Diet considerations: protein
Finally, there is an upper limit to the amount of protein your body can actually utilize, and when you eat more than your body needs for maintenance and growth, you will simply be supplying extra fuel to disease processes.
The ideal protein intake is about half a gram of protein per half kilogram of lean body weight.
For most people this equals about 40 to 60 grams per day, but many Americans typically exceed this amount by three to five times, which can — like excessive sugar — increase your risk of cancer.

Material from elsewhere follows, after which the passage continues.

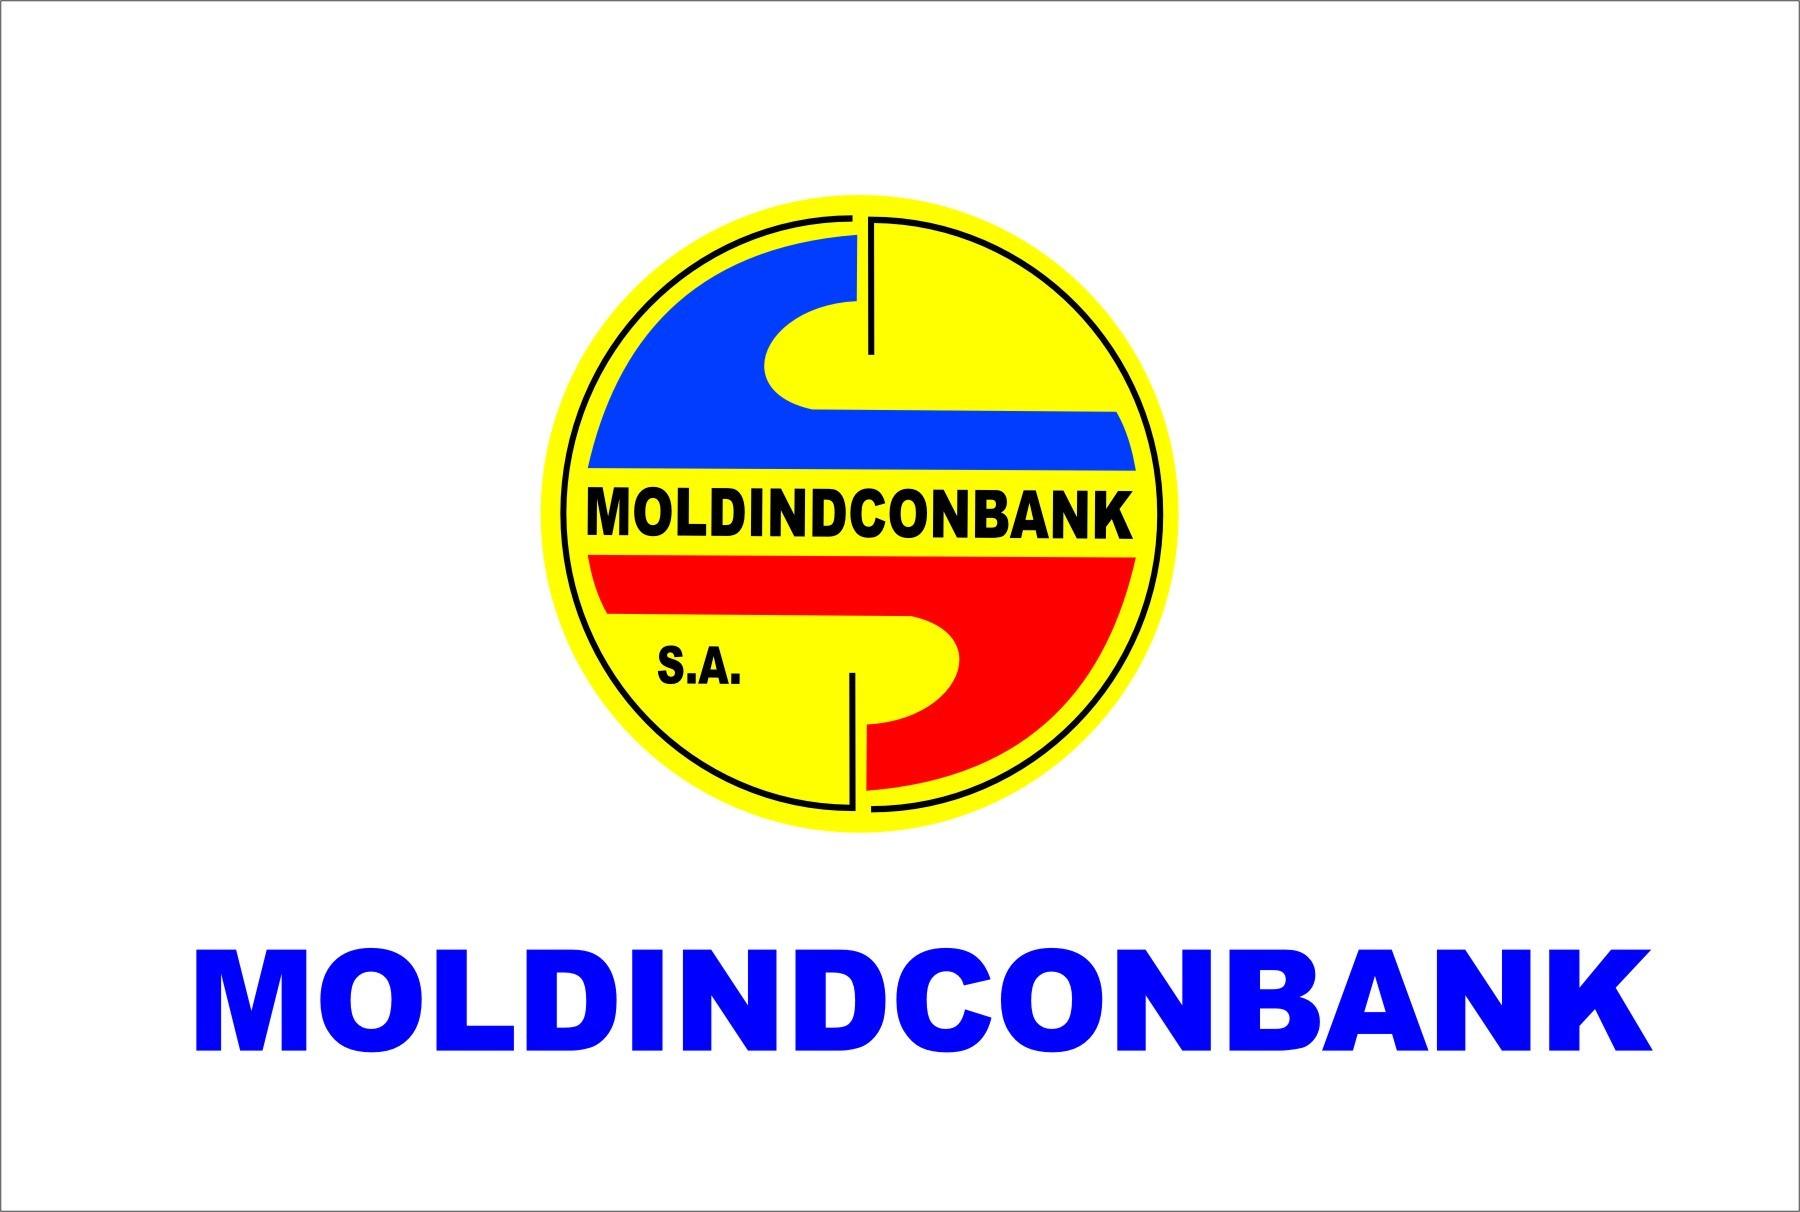 Statul va cumpăra acțiunile Moldindconbank la un preț total de peste 764 de milioane de lei. Se propune aprobarea Antecontractului și a contractului de vânzare-cumpărare

Significant amounts of protein are found in meat, fish, eggs, dairy products, legumes, nuts and seeds.
Some vegetables also contain large amounts of protein, for example broccoli. To estimate your protein needs first determine your lean body mass.
Subtract your body fat percentage from 100. If you have, for example, 20 percent body fat, then you have 80 percent lean body mass.
Multiply this percentage (in this case the number 0.8) by your current weight and you get your lean body weight in kilograms.
Then track everything you eat for a few days and calculate the daily amount of protein from all sources you consumed. Again, your goal is to consume half a gram of protein per half kilogram of lean body weight.